Aim of the task — Type the data below again exactly. Omit all pictures.

Material provided —
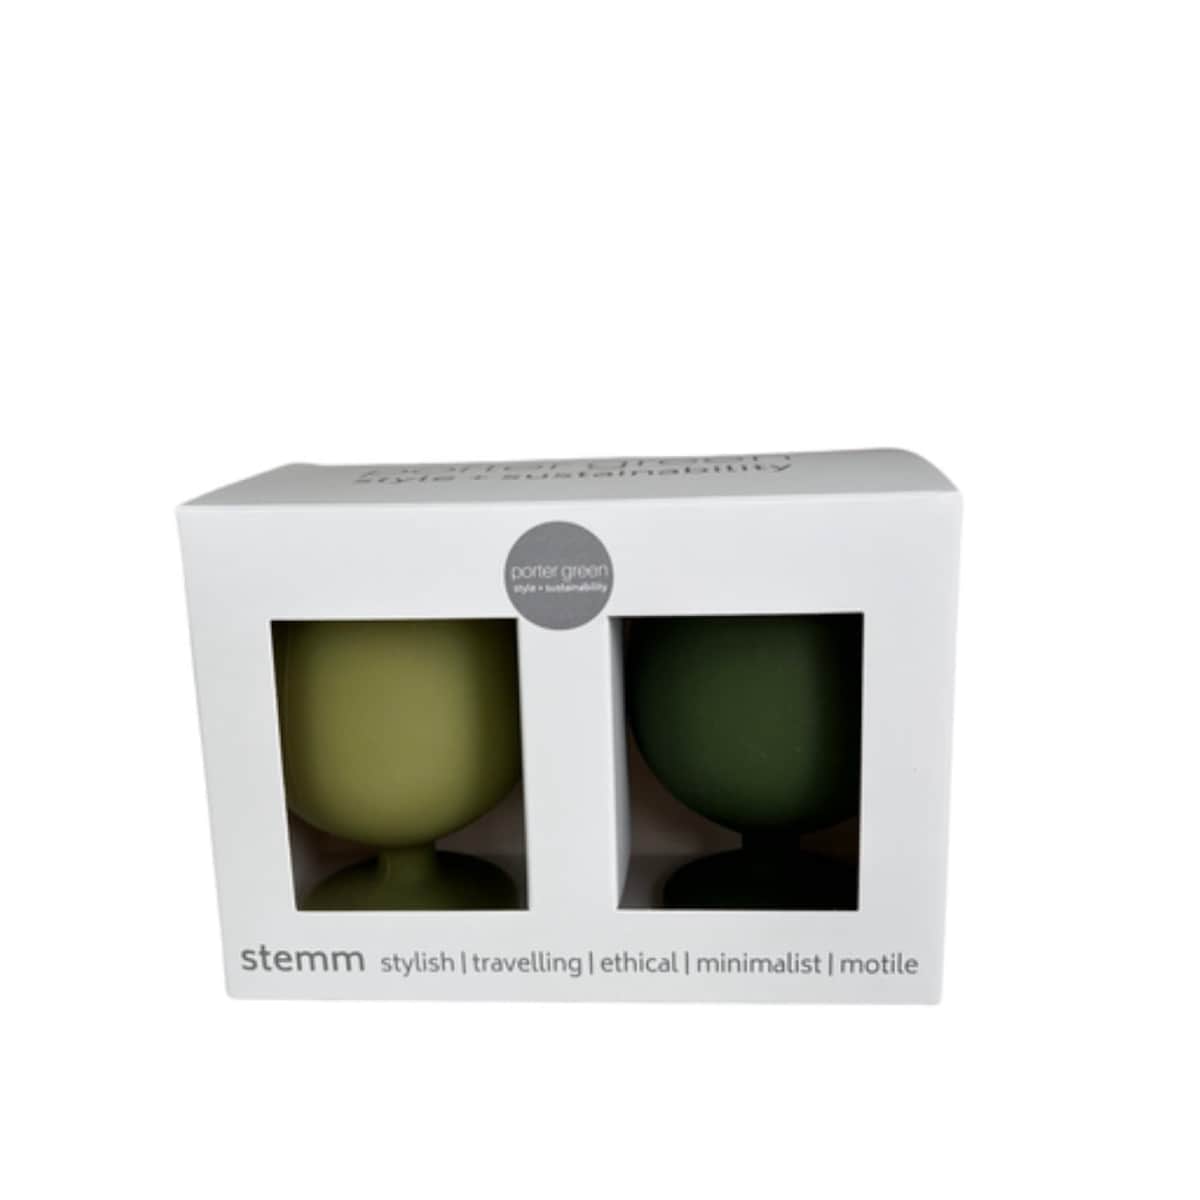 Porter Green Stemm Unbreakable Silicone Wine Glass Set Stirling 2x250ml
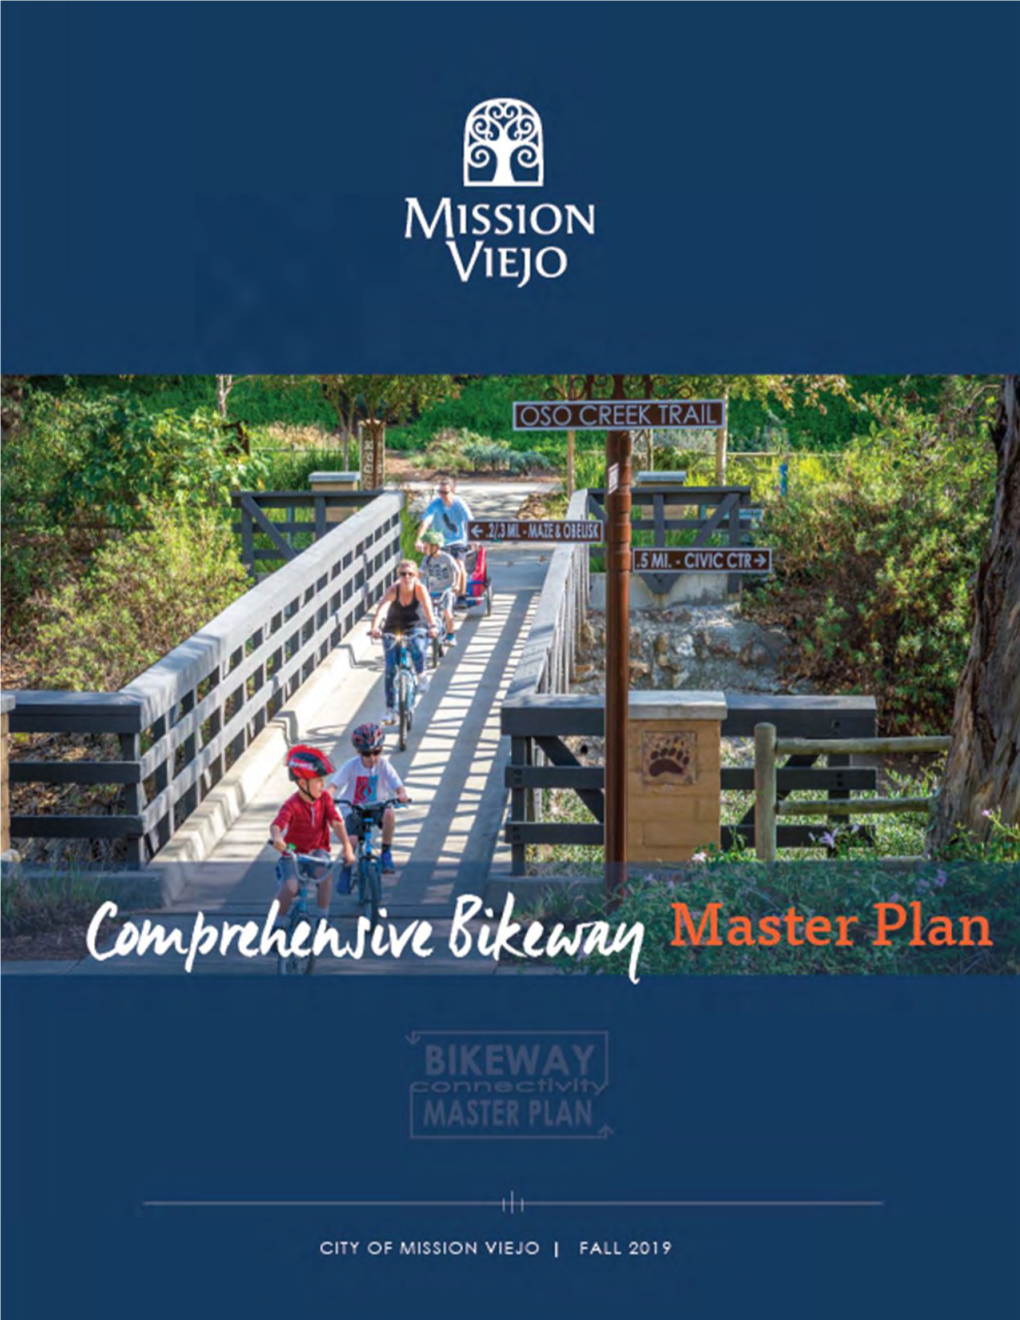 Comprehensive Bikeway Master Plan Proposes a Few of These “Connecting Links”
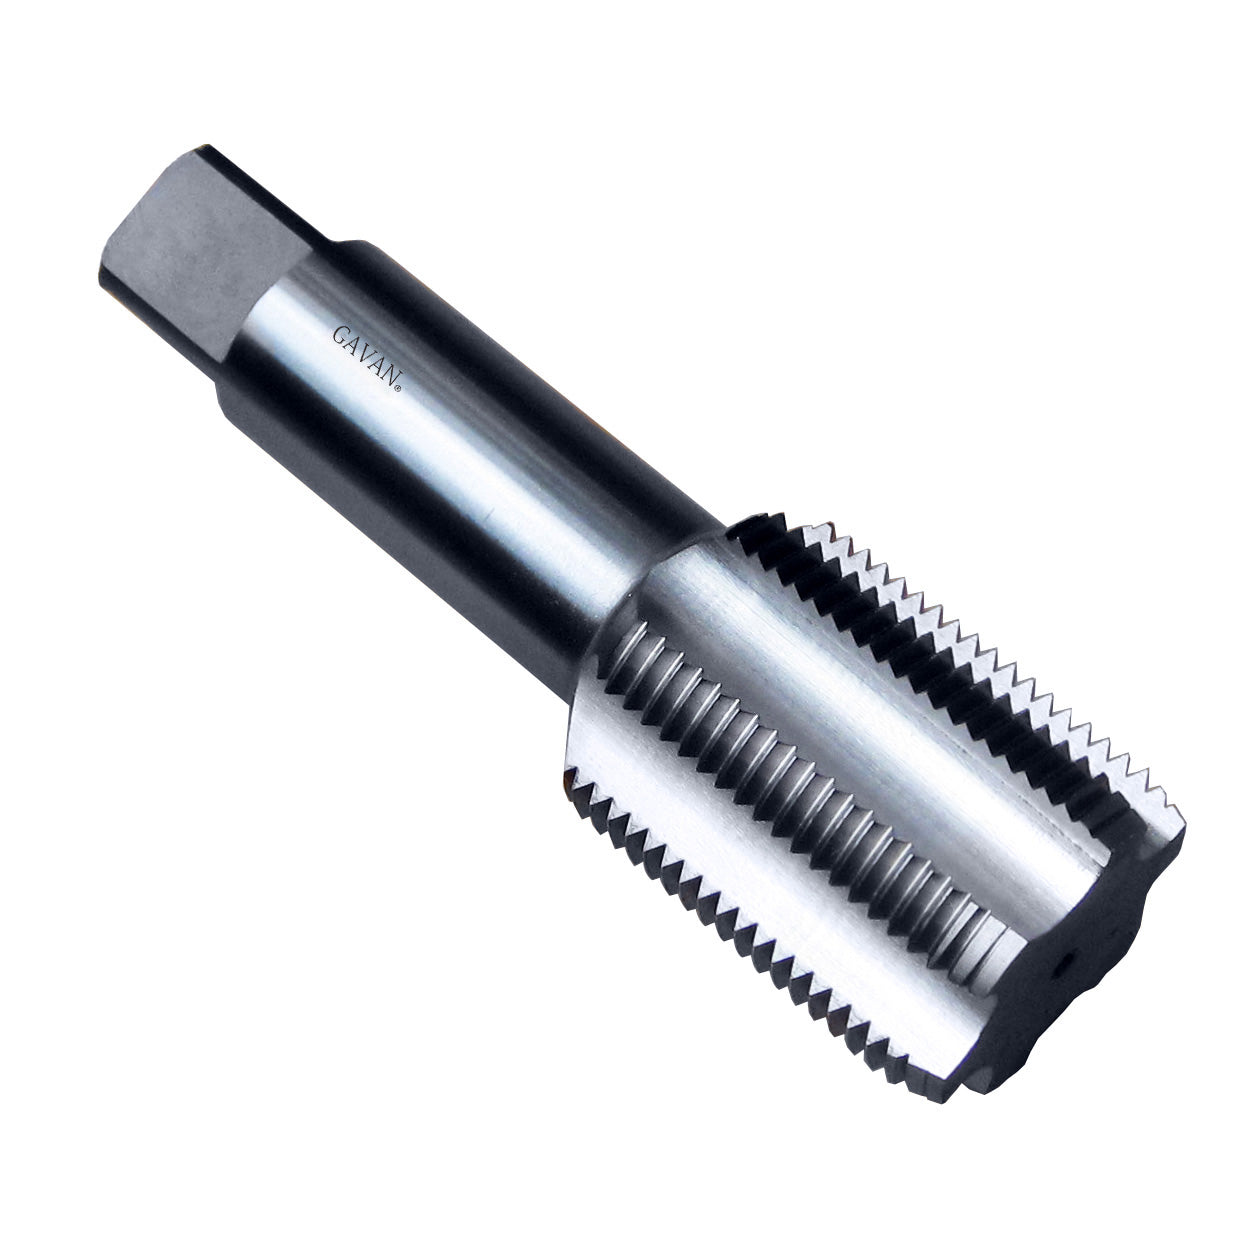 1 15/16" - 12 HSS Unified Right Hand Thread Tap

Answer to this problem —
 Porter Green Stemm Unbreakable Silicone Wine Glass Set Stirling 2x250ml
 Comprehensive Bikeway Master Plan Proposes a Few of These “Connecting Links”
 1 15/16" - 12 HSS Unified Right Hand Thread Tap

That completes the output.